Me:Oh yes.At Russian Embassy:
“Boris, where did all these damn ants come from?”
Relationship status: Invented an imaginary GF, but she just wanted to be ‘friends’ and slept with my dad. Typical.
If I ever get married, throw mozzarella cheese, not rice.
THE TIREDNESS ON THE COUCH NEVER TRANSLATES TO THE BED AND I DEMAND TO KNOW WHY
Man of Steel question. When young Clark Kent was wearing a cape in the yard, who was he pretending to be? Liberace?
[Arriving at party]
Host: Why are you wearing only a nappy?
Me: I was told “infancy dress”.
Host: I said “in fancy dress,” you moron!
psa: don’t ruin the thanksgiving meal by bringing up politics. ruin the meal by telling your family you don’t know half of them half as well as you should like and like less than half of them half as well as they deserve then vanishing while they try to figure out what you meant
[Kids party]
Wife: did you hire a magician like I asked?
Me: yep
[Backyard]
Mortician: next we’ll cut open the chest cavity like so…
me: this could’ve been an email
[gets email]
me: no not like that
Husband: It’s so weird that the kids didn’t get any Twix or Reece’s Peanut Butter Cups for Halloween.

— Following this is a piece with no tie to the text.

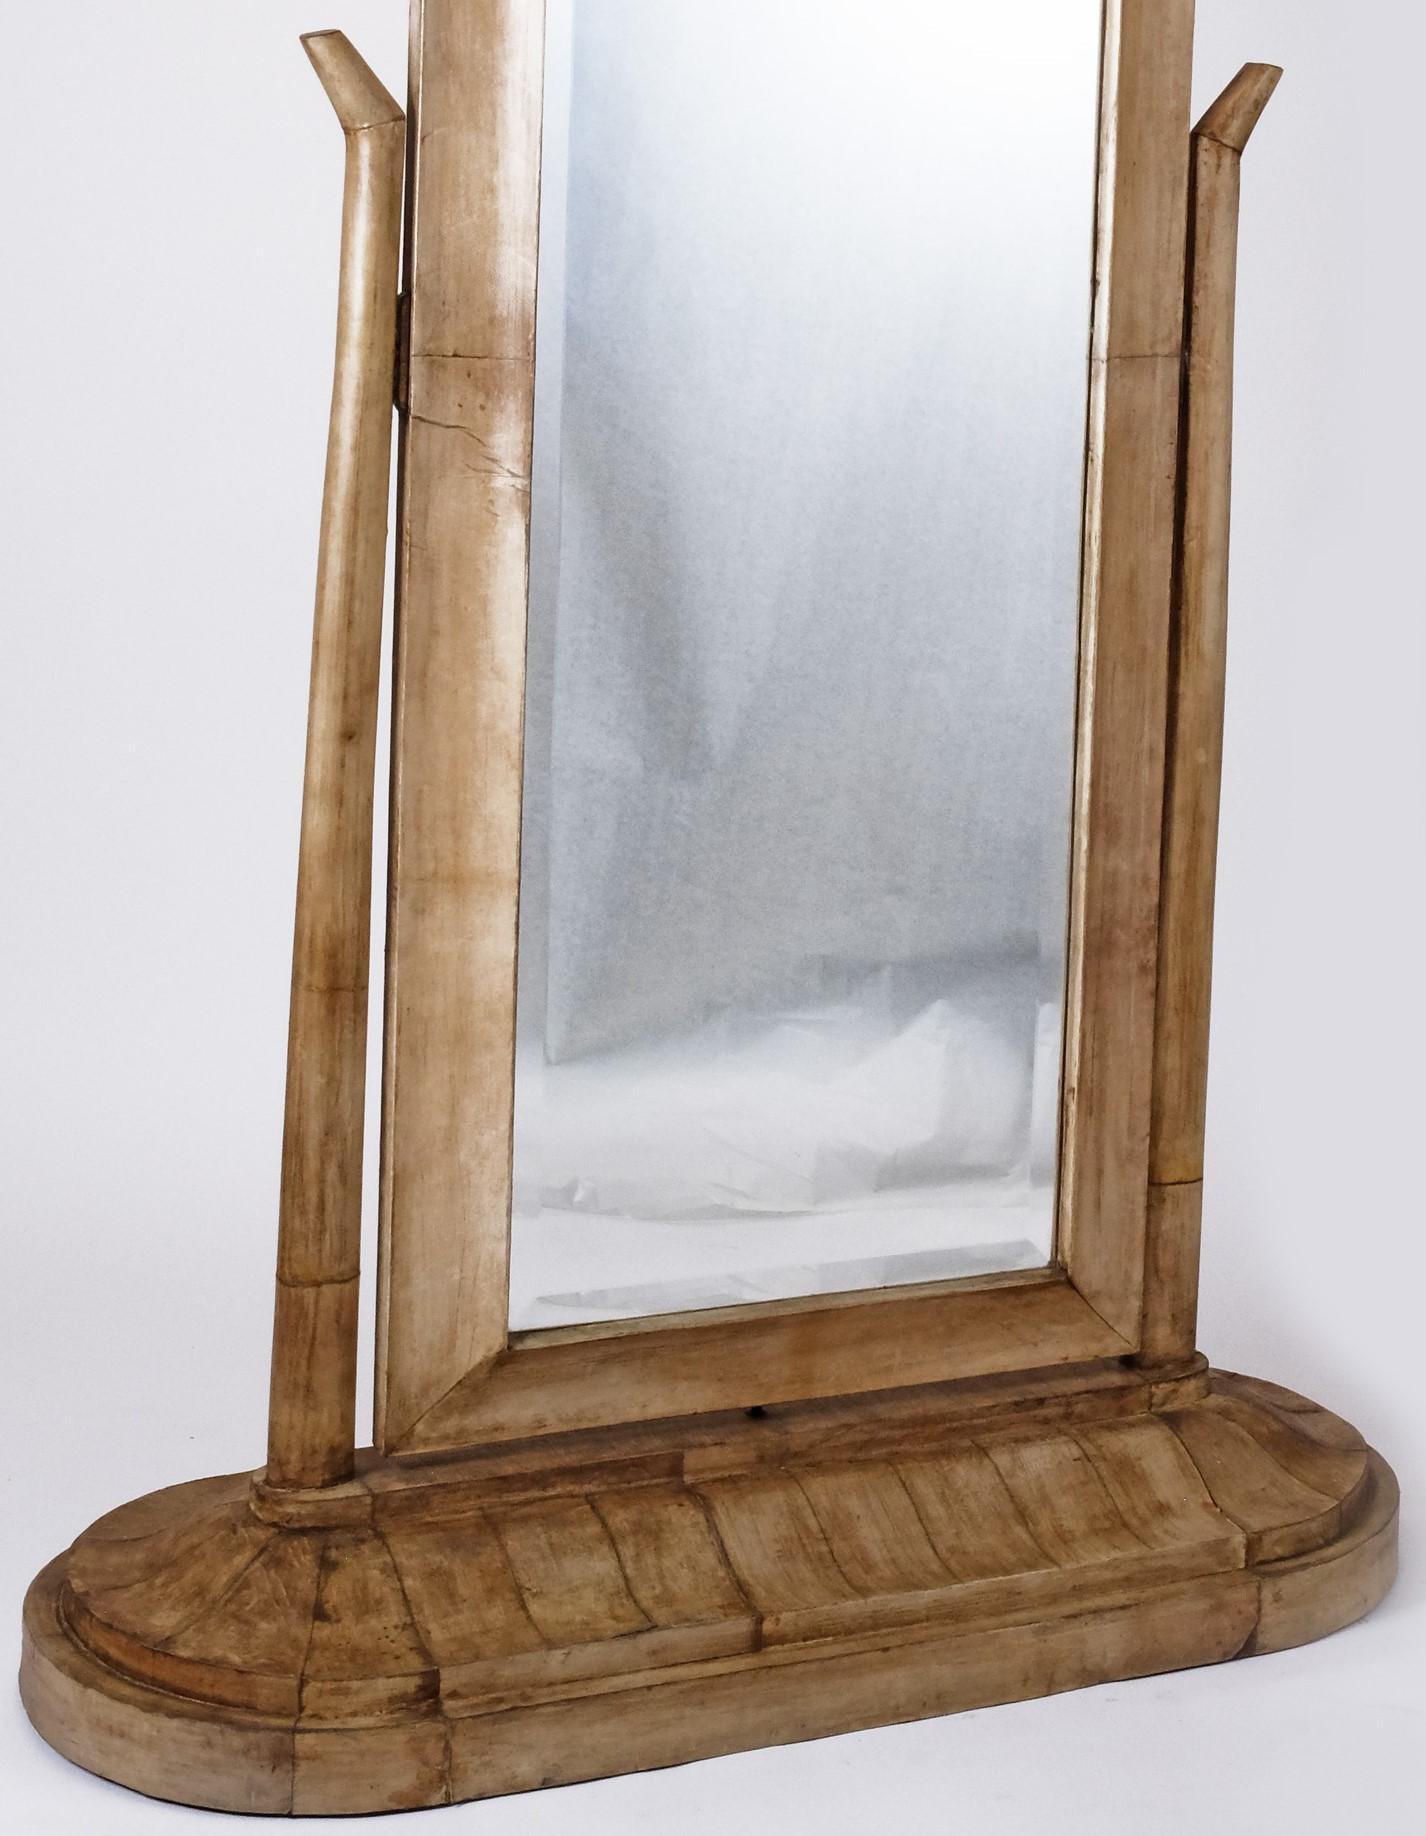 Art Deco parchment free standing mirror. Circa, 1920's. The back of the piece is also in parchment finish, in its entirety.

The mirror pivots and stands on a wide base providing total stability. This is a wonderful example of the style and

Me: *wipes the chocolate from my mouth* So weird.
🎵 so no one told you life was gonna be this waaaaaay… 🎵
The old lady ringing me up at the store got frustrated w/ the barcode on my cheese not working so she just gave it to me for free…she is now sole beneficiary of my Will
Sorry honey, I didn’t get you anything for Valentine’s Day.
Wife: It’s not until next week…
[one week later]
Sorry honey, I didn’t…
Wife: you’ve been a naughty boy *peels off clothes* You need to be punished
Me: yes, I do!
Wife: do the laundry
[Getting home from fishing trip]
MOM: Catch anything?
ME: No, but a bear did
MOM: Where’s your father?
*carefully examining the markings on a reticulated python as it squeezes me to death* just as I suspected. this is definitely a snake
vegetarian: i’m a vegetarian
every mother-in-law: so do you eat fish
I made my 9 year old french toast with syrup this morning per his request but promptly found out that he thought the fork and knife I provided were just a fun suggestion so anyway how do you get maple syrup off pants?
Remember fellas, always take comfort in the fact that most hot girls are a fuckin pain in the arse
[the Savannah]
Lion: “Why is that lion all on his own? And why is he wearing crocs?”
Leslie Nielsen: “He has no pride. And he has no pride.”
Subway Guy: Enjoy your sandwich
Me: You too!
Subway Guy:
Me:
Me: *gives him my sandwich* this is yours now
Drive me up the wall, so I know you’re 4 wheel
[First day working in a warehouse]
ME: What’s that machine for?
“Oh, that’s the forklift”
ME: OH MY GOD HOW HEAVY ARE YOUR FORKS??